The dataset consists of the below 7 columns,

- **species:** penguin species (Chinstrap, Adélie, or Gentoo)
- **culmen length & depth:** The culmen is the upper ridge of a bird's beak
- **flipper_length_mm:** flipper length
- **body_mass_g:** body mass
- **island:** island name (Dream, Torgersen, or Biscoe)
- **sex:** penguin sex

## Download Dataset

In [None]:
!mkdir datasets
!wget -qq https://raw.githubusercontent.com/chiruharshith/Alexine_Studios/main/datasets/penguins.csv -P datasets

#### Importing Required Packages

In [None]:
import pandas as pd
from sklearn.model_selection import train_test_split

In [None]:
# Load the data
df = pd.read_csv('datasets/penguins.csv')
df.head(3)

In [None]:
# Count NaN values in each column of the dataframe
df.isna().sum()

In [None]:
# Print the unique() elements from the sex column 
df['sex'].unique()

In [None]:
# Drop the records where sex column has NaN values
df.dropna(subset = ['sex'], inplace = True)

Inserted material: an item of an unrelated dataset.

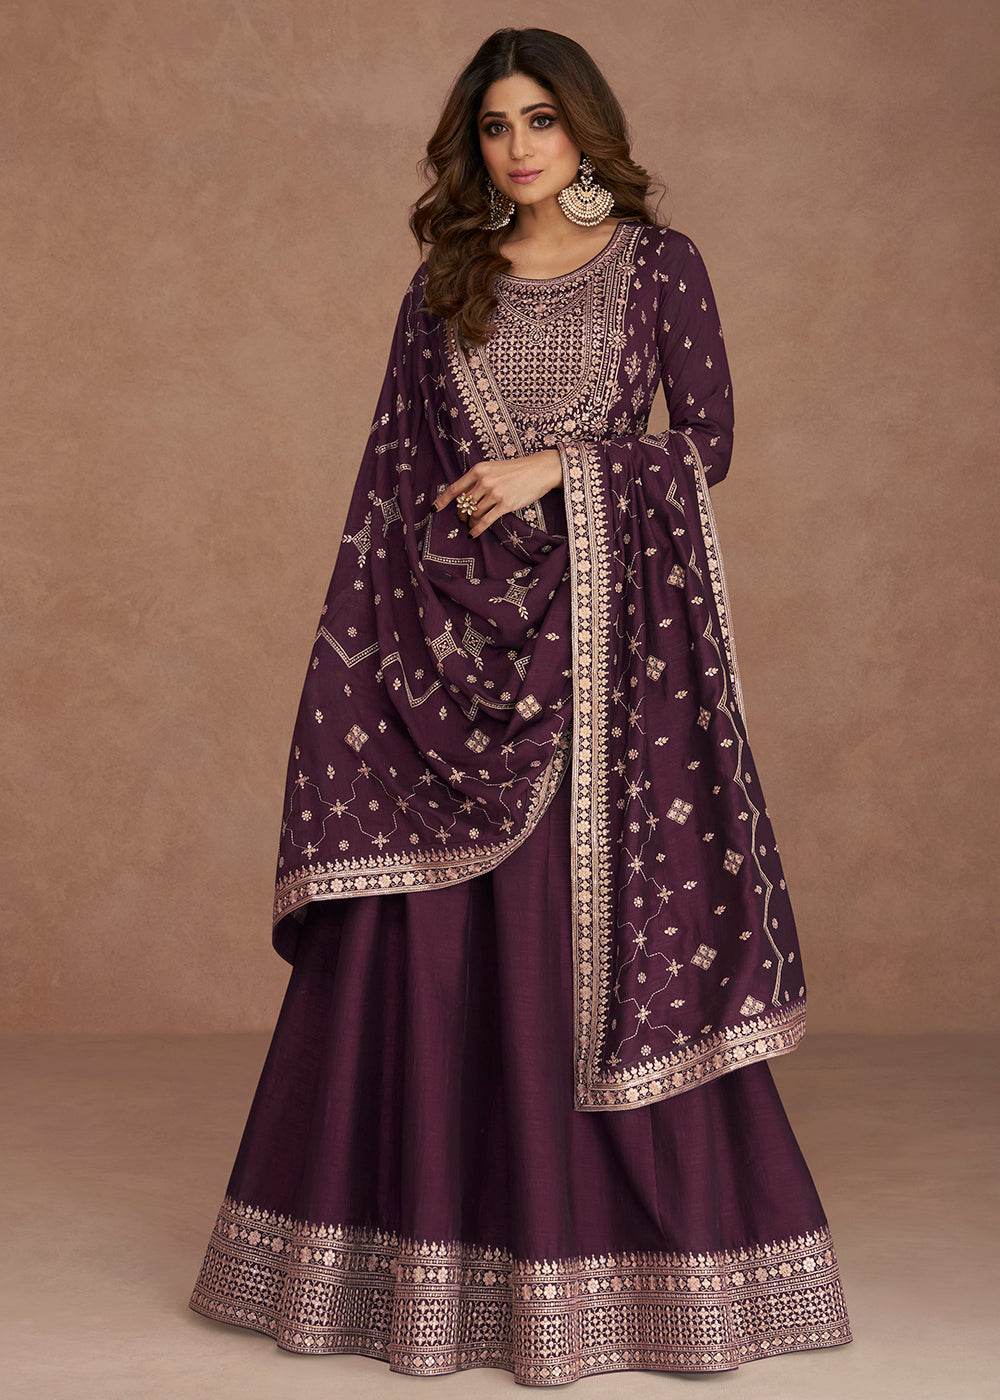 Buy Now Shamita Shetty Festive Luminous Purple Silk Anarkali Suit Online in USA, UK, Australia, New Zealand, Canada, Italy & Worldwide at Empress Clothing. 
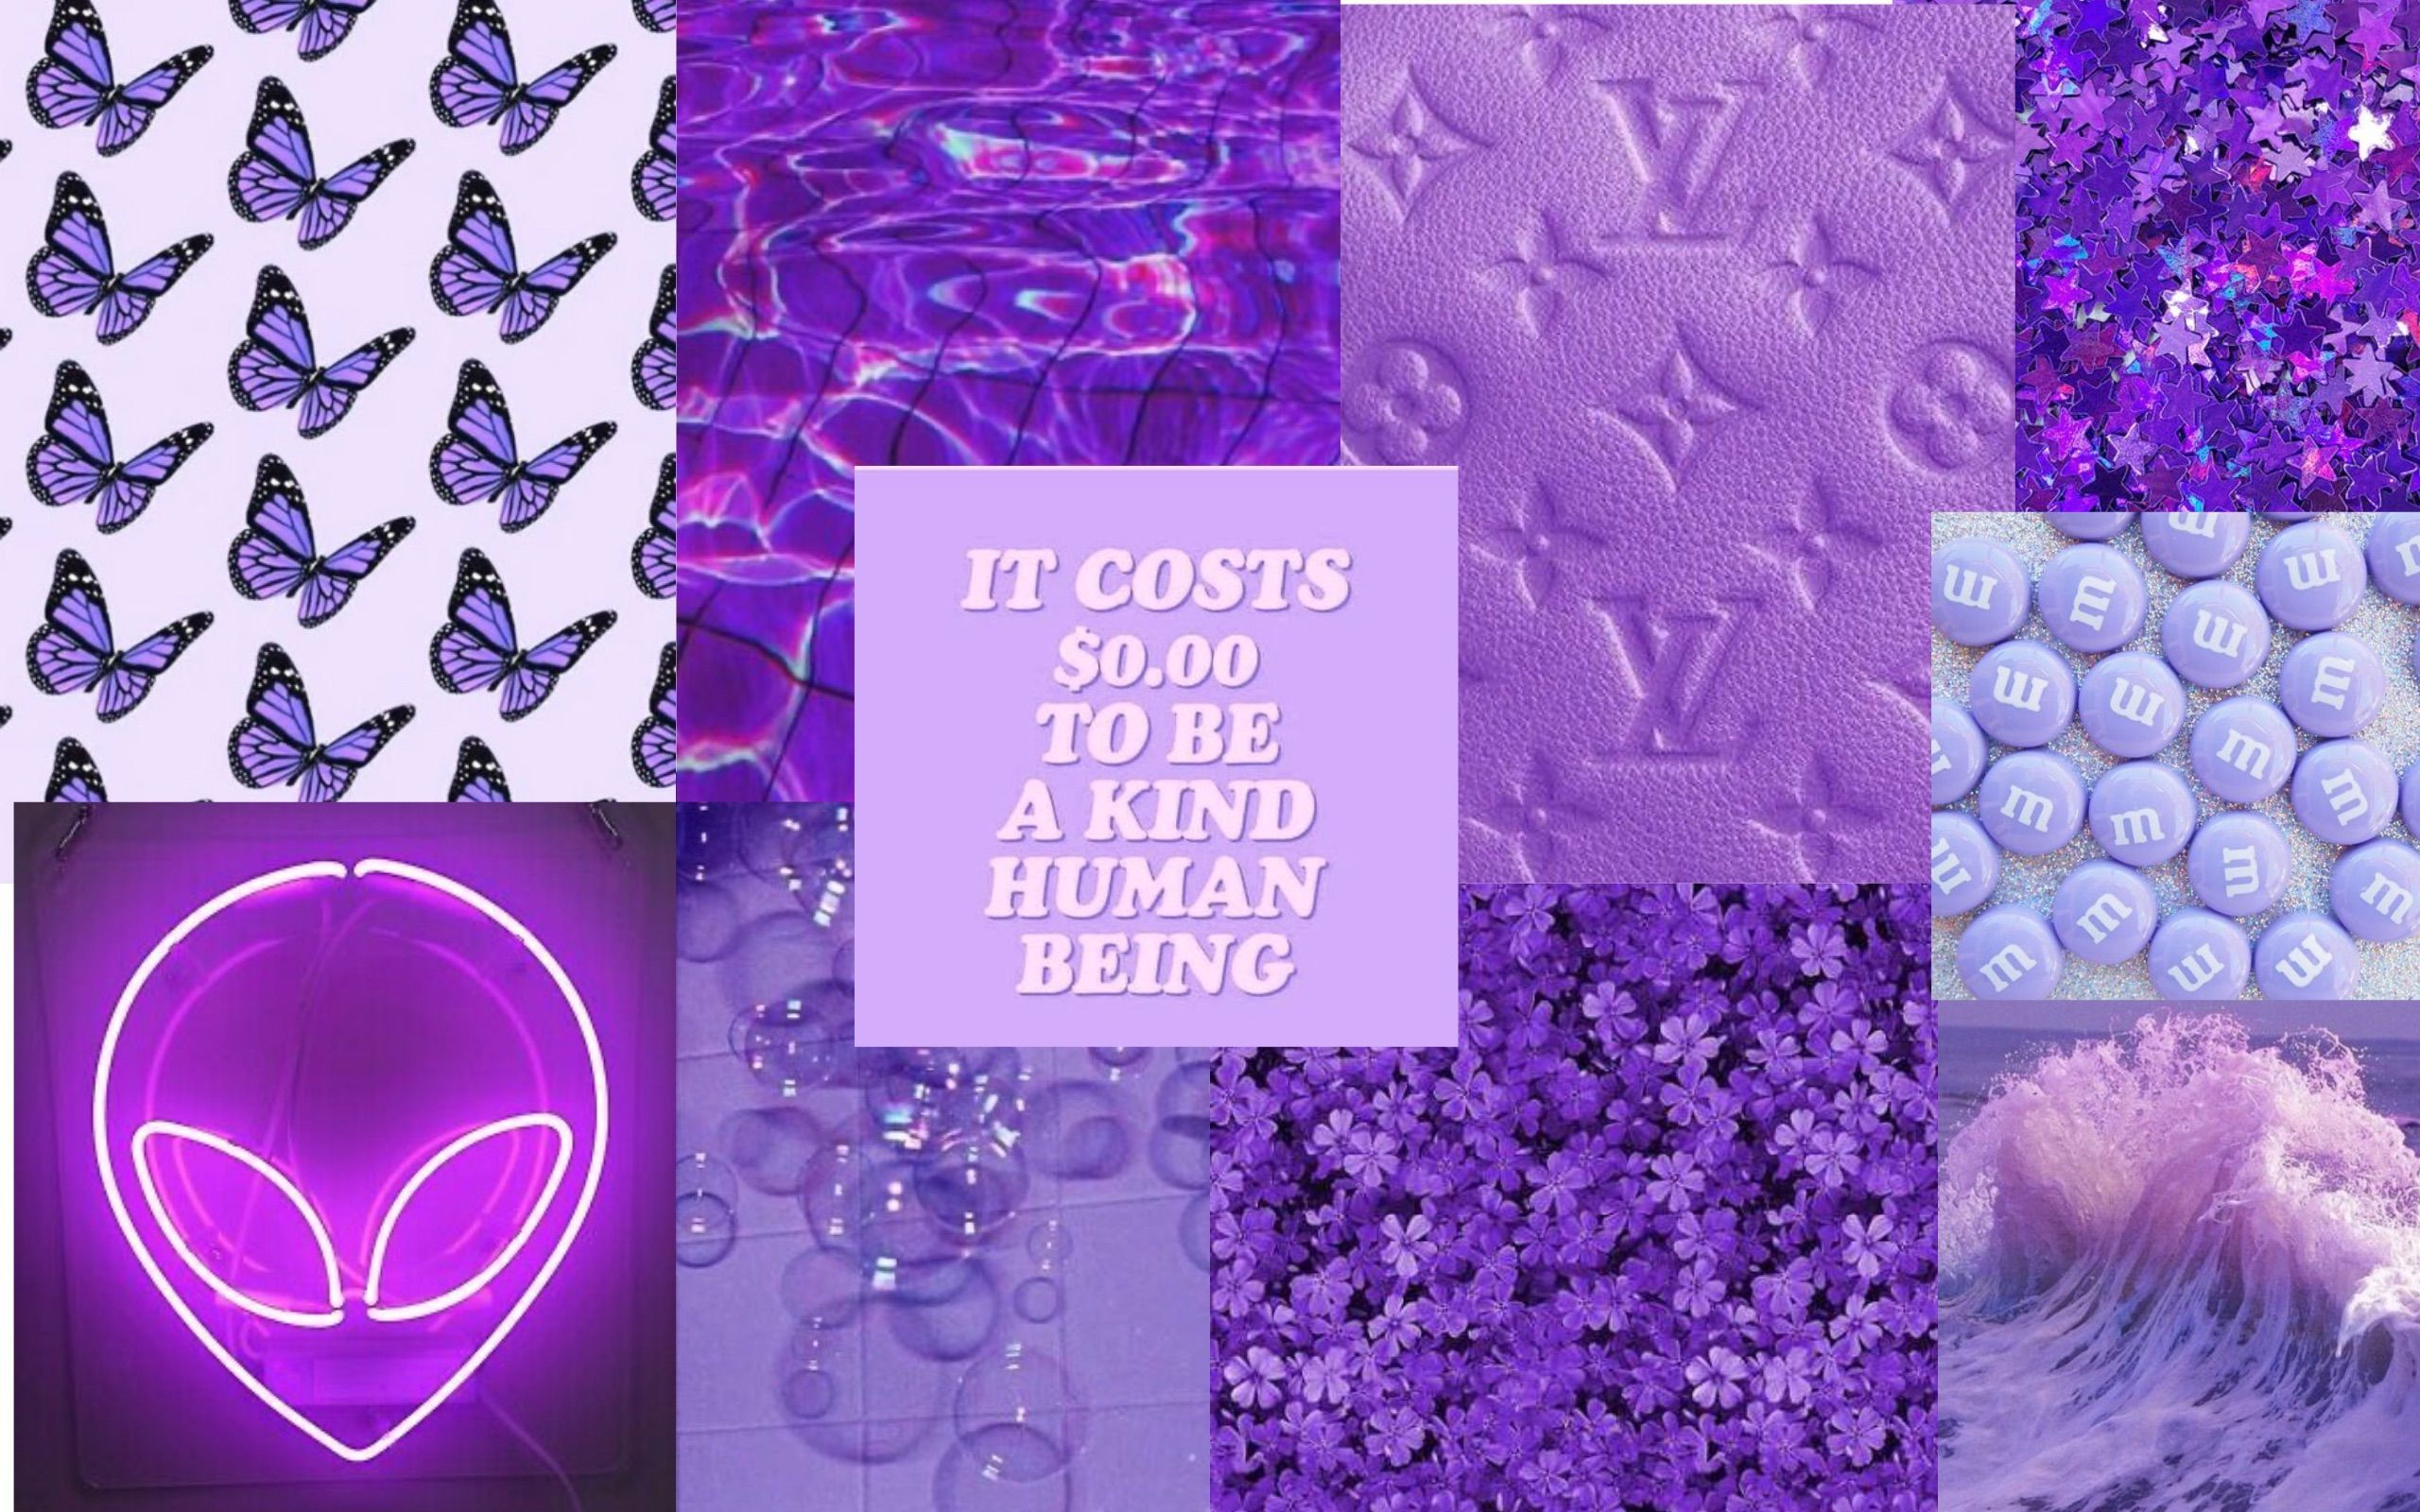 plain purple wallpaper aesthetic

# Print the unique() elements from the sex column after dropping
print("Unique values after dropping NA values : ", df.sex.unique())

In [None]:
df[df.sex == '.']

In [None]:
df.drop(336).sex.unique()

In [None]:
df.drop(336, inplace=True)

In [None]:
df.head(2)

In [None]:
df['species'] = df['species'].replace(['Adelie','Chinstrap', 'Gentoo'],[0, 1, 2])
df['island'] = df['island'].replace(['Torgersen','Biscoe', 'Dream'],[2, 1, 0])
df['sex'] = df['sex'].replace(['MALE','FEMALE'],[1, 0])

In [None]:
df.head(2)

In [None]:
# Storing the data and target values in two seperate variable x and y
x = df.drop(['species'], axis=1)
y = df['species']

In [None]:
x.shape, y.shape

In [None]:
# We are splitting the data into train and test sets in the ratio of 80:20 
# i.e 80 % of data is train set and 20 % of the data is test set
x_train, x_test, y_train, y_test = train_test_split(x, y, test_size = 0.2)

In [None]:
x_train.shape, x_test.shape, y_train.shape, y_test.shape

Know more about [Train_Test_Split()](https://scikit-learn.org/stable/modules/generated/sklearn.model_selection.train_test_split.html)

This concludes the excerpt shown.